Sometimes it’s Just Better to Leave “Well-Enough” Alone

Clifton L. Brinson, Michael W. Mitchell and Donald H. Tucker, Jr.

In Sisk v. Abbott Laboratories, — F.R.D. –, No. 1:11-cv-159 (W.D.N.C. Feb. 10, 2014) (J., Reidinger), after prevailing in part on its motion for summary judgment, the defendant asked the court for the Western District to reconsider the part of the motion it had denied. The case involves claims of negligence on behalf of the minor plaintiff, alleging that he had developed meningitis as a result of consuming contaminated powdered infant formula. The formula had been obtained from Transylvania Community Hospital, who had received it from the defendant at no cost.

In the initial motion, the defendant had argued that the formula was a donation to the hospital and, thus, the entire case should be dismissed under N.C. Gen.

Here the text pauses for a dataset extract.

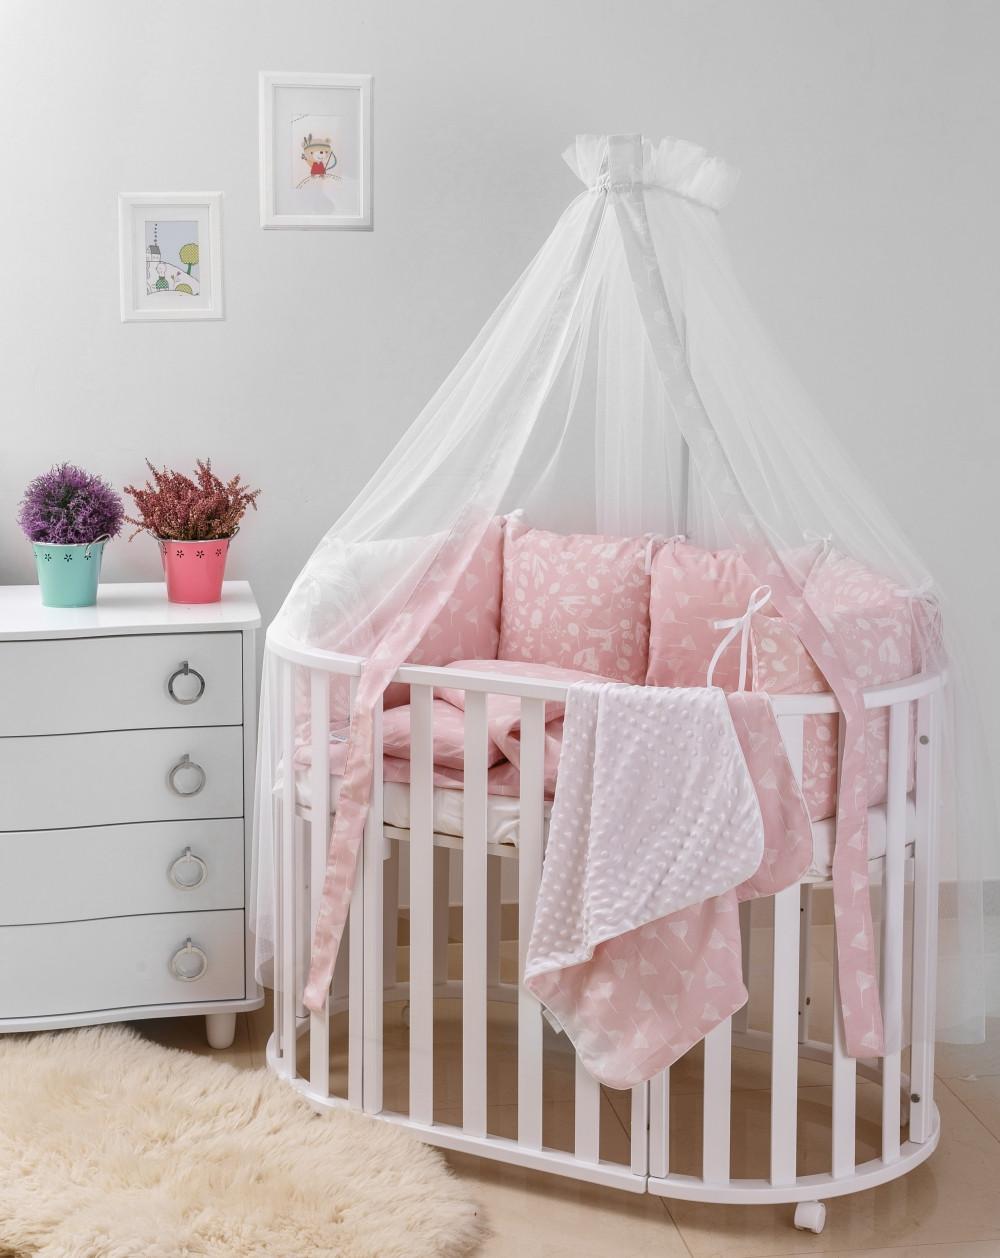 Детская постель Twins Dolce D-013 Лісові мешканці 8 ел pink

Stat. 99B-10(a).  G.S. 99B-10(a), which is part of North Carolina’s Product Liability Act, provides that “any person . . . who donates an item of food for use or distribution by a nonprofit organization or nonprofit corporation shall not be liable for civil damages . . . resulting from the nature, age, condition, or packaging of donated food, unless an injury is caused by the gross negligence, recklessness, or intentional misconduct of the donor.” The court refused to dismiss the entire case, concluding that there was a genuine issue of fact as to whether the formula was a donation by the defendant. The defendant then asked for reconsideration.

In a published opinion, the court again denied the motion for summary judgment, but this time on different grounds. The court concluded that the defendant had waived the G.S. 99B-10(a) defense by failing to plead it in its answer. The court explained that the defendant’s blanket assertion “adopt[ing] and incorporat[ing] by reference any and all defenses that are or may become available to it under the North Carolina Product Liability Act . . . ,” was insufficient to provide any meaningful notice of the defendant’s specific affirmative defense.

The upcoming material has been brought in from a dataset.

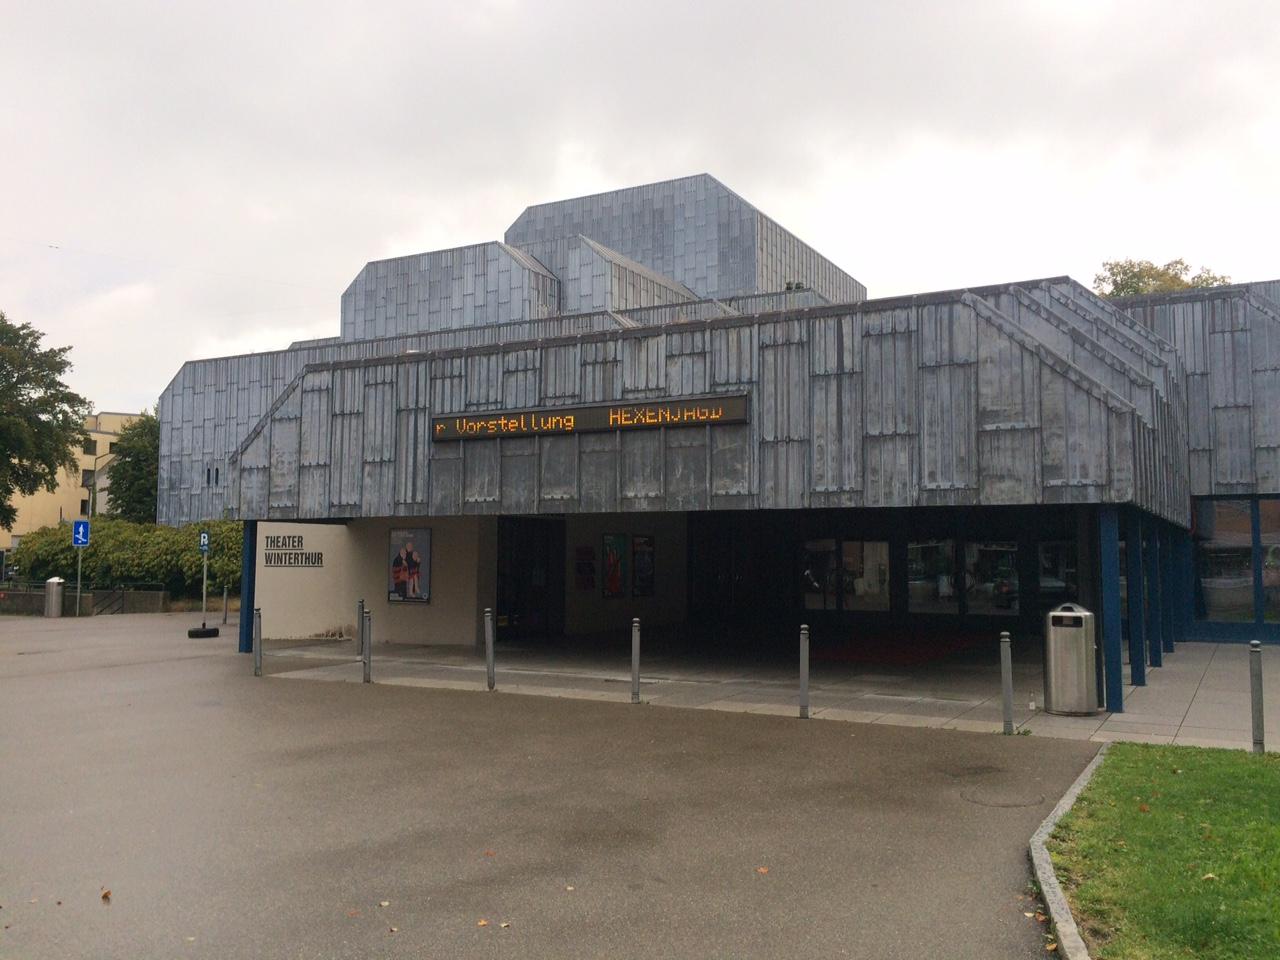 Kapitalerhöhung Theater Winterthur AG

The court then determined that the failure to plead the defense resulted in unfair surprise and prejudice to the plaintiff because the parties had not engaged in any substantial discovery on the issue. It was not until the filing of the defendant’s motion for summary judgment that the plaintiff received any indication that the defendant intended to rely on 99B-10(a). And this was long after discovery had closed.

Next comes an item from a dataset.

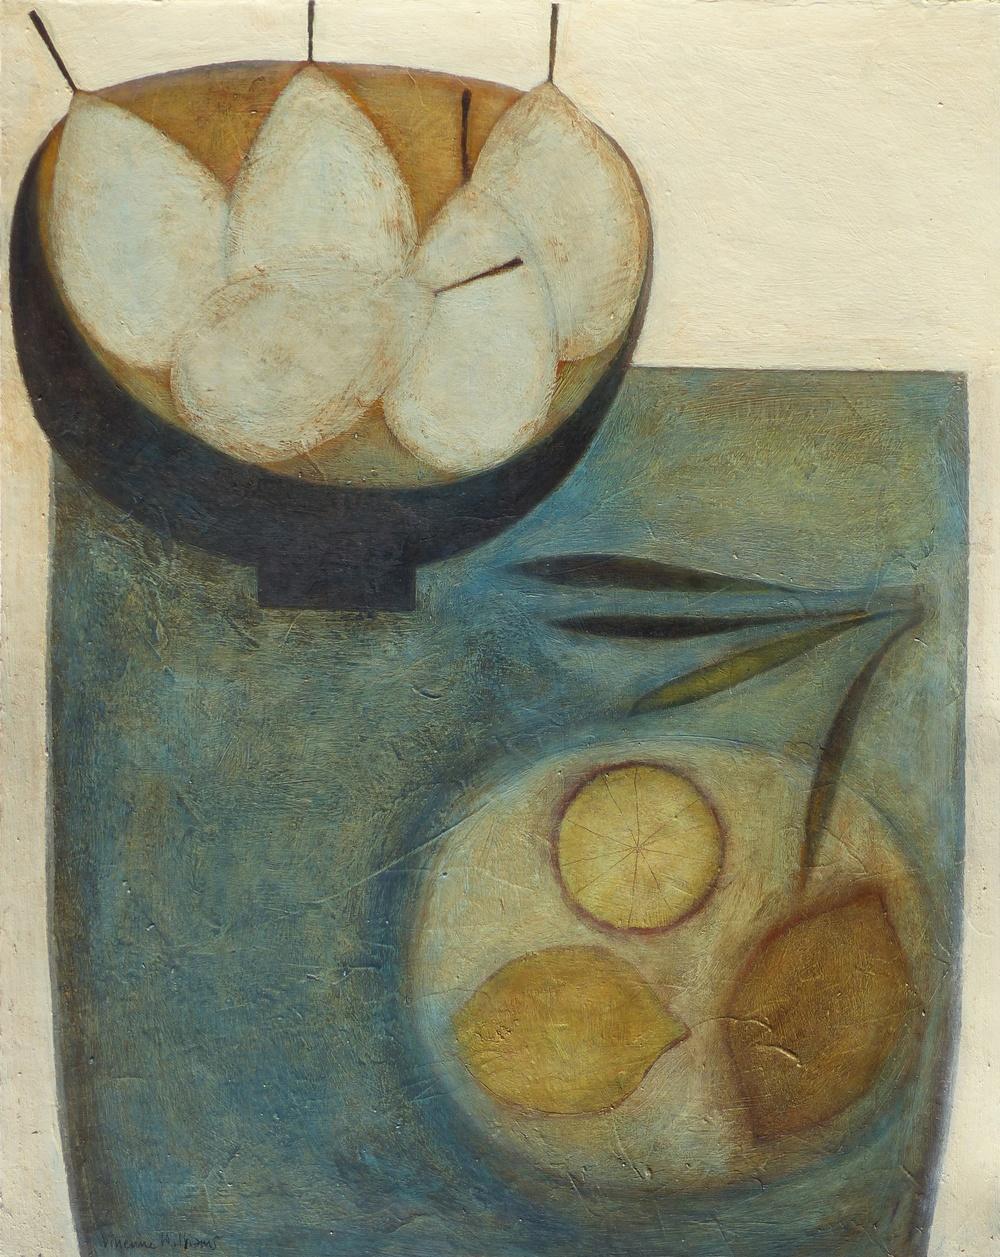 Five Pale Pears, Lemons and Beans, 51cm x 41cm, 2014

The court quoted with approval an Eastern District opinion similarly rejecting a new defense theory that would necessitate re-opening of discovery just before trial, and that would afford little time to the plaintiff to prepare for the new and unanticipated defense. See Resolution Trust Corp. v. Southwest Dev. Co., 807 F. Supp. 375, 379 (E.D.N.C. 1992), rev’d on other groundsResolution Trust Corp. v. Cunningham, 14 F.3d 596 (4th Cir. 1993).

Practice Tip:  While Twombly and Iqbal have tightened the pleading standards for plaintiffs, defendants have their own pleading burdens to observe. Defenses must be stated so as to provide “meaningful notice” of the specific affirmative defenses the defendant intends to assert in the litigation.